Capstone Spark project
Data
Steps to generate input data for your project:
- Copy the
bigdata-input-generator
folder in the root directory of your exam repo - Install the required python packages and run the main script from the root directory of the exam repo
to generate the datasets (you can use
virtualenv
for this step):
pip install -r bigdata-input-generator/requirements.txt
python bigdata-input-generator/main.py
- Add
capstone-dataset
(generated folder) to.gitignore
in your exam repo
Data structure
Mobile App clickstream projection
Schema:
- userId: String
- eventId: String
- eventTime: Timestamp
- eventType: String
- attributes: Map[String, String]
There could be events of the following types that form a user engagement session:
- app_open
- search_product
- view_product_details
- purchase
- app_close
Events of app_open type may contain the attributes relevant to the marketing analysis:
- campaign_id
- channel_id
Events of purchase type contain purchase_id attribute.
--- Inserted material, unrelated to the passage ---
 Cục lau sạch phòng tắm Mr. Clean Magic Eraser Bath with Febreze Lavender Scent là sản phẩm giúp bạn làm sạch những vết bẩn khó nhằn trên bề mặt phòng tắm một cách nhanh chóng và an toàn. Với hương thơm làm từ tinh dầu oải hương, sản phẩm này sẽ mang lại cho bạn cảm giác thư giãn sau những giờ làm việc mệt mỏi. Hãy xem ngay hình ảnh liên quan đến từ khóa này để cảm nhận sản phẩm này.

Sample: mobile-app-clickstream_sample
Generated dataset:
Purchases projection
- Schema:
- purchaseId: String
- purchaseTime: Timestamp
- billingCost: Double
- isConfirmed: Boolean
Tasks
General requirements
The requirements that apply to all tasks:
- Use Spark version 2.4 or higher
- The logic should be covered with unit tests
- The output should be saved as PARQUET files.
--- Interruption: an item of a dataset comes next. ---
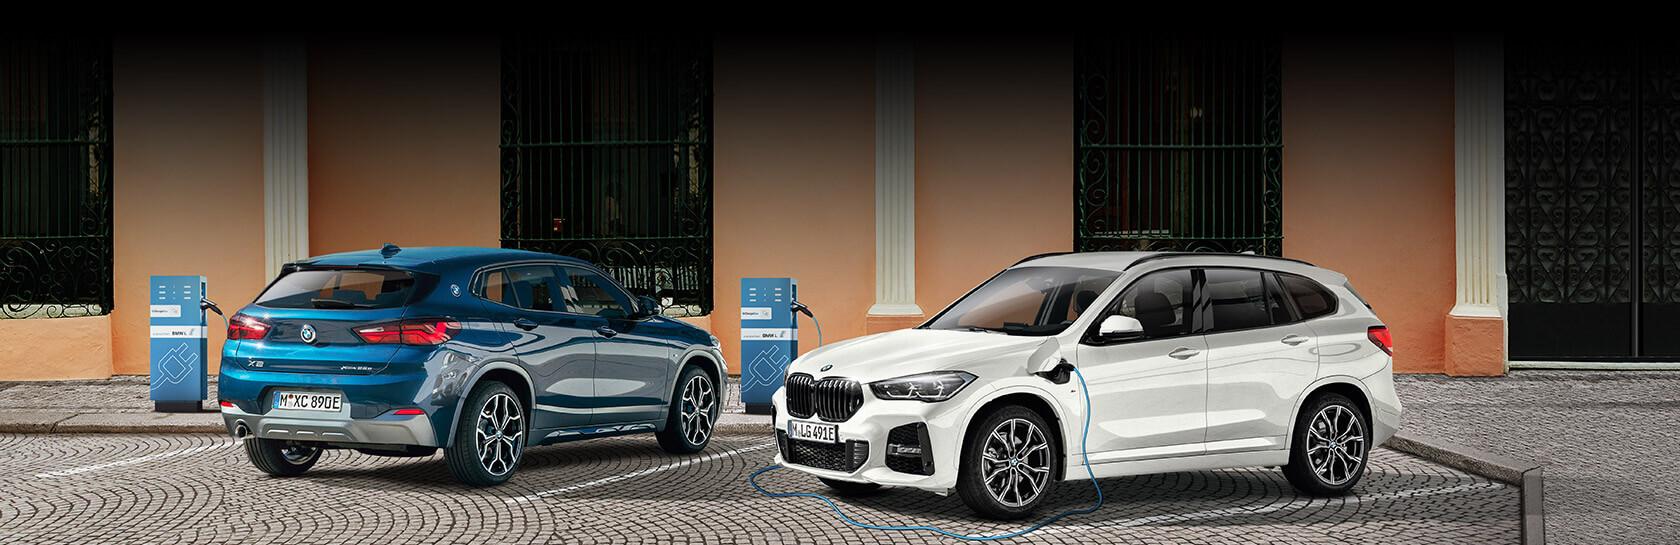 Nouvelles BMW X1 et X2 hybrides rechargeables

- Will be a plus: README file in the project documenting the solution.
- Will be a plus: Integrational tests that cover the main method.
1. Build Purchases Attribution Projection
The projection is dedicated to enabling a subsequent analysis of marketing campaigns and channels. The target schema:
- purchaseId: String
- purchaseTime: Timestamp
- billingCost: Double
- isConfirmed: Boolean
// a session starts with app_open event and finishes with app_close
- sessionId: String
- campaignId: String // derived from app_open#attributes#campaign_id
- channelIid: String // derived from app_open#attributes#channel_id
Requirements for implementation of the projection building logic:
- Implement it by utilizing default Spark SQL capabilities.
- Implement it by using a custom UDF.
2. Calculate Marketing Campaigns And Channels Statistics
Use the purchases-attribution projection to build aggregates that provide the following insights: Top Campaigns:
- What are the Top 10 marketing campaigns that bring the biggest revenue (based on billingCost of confirmed purchases)?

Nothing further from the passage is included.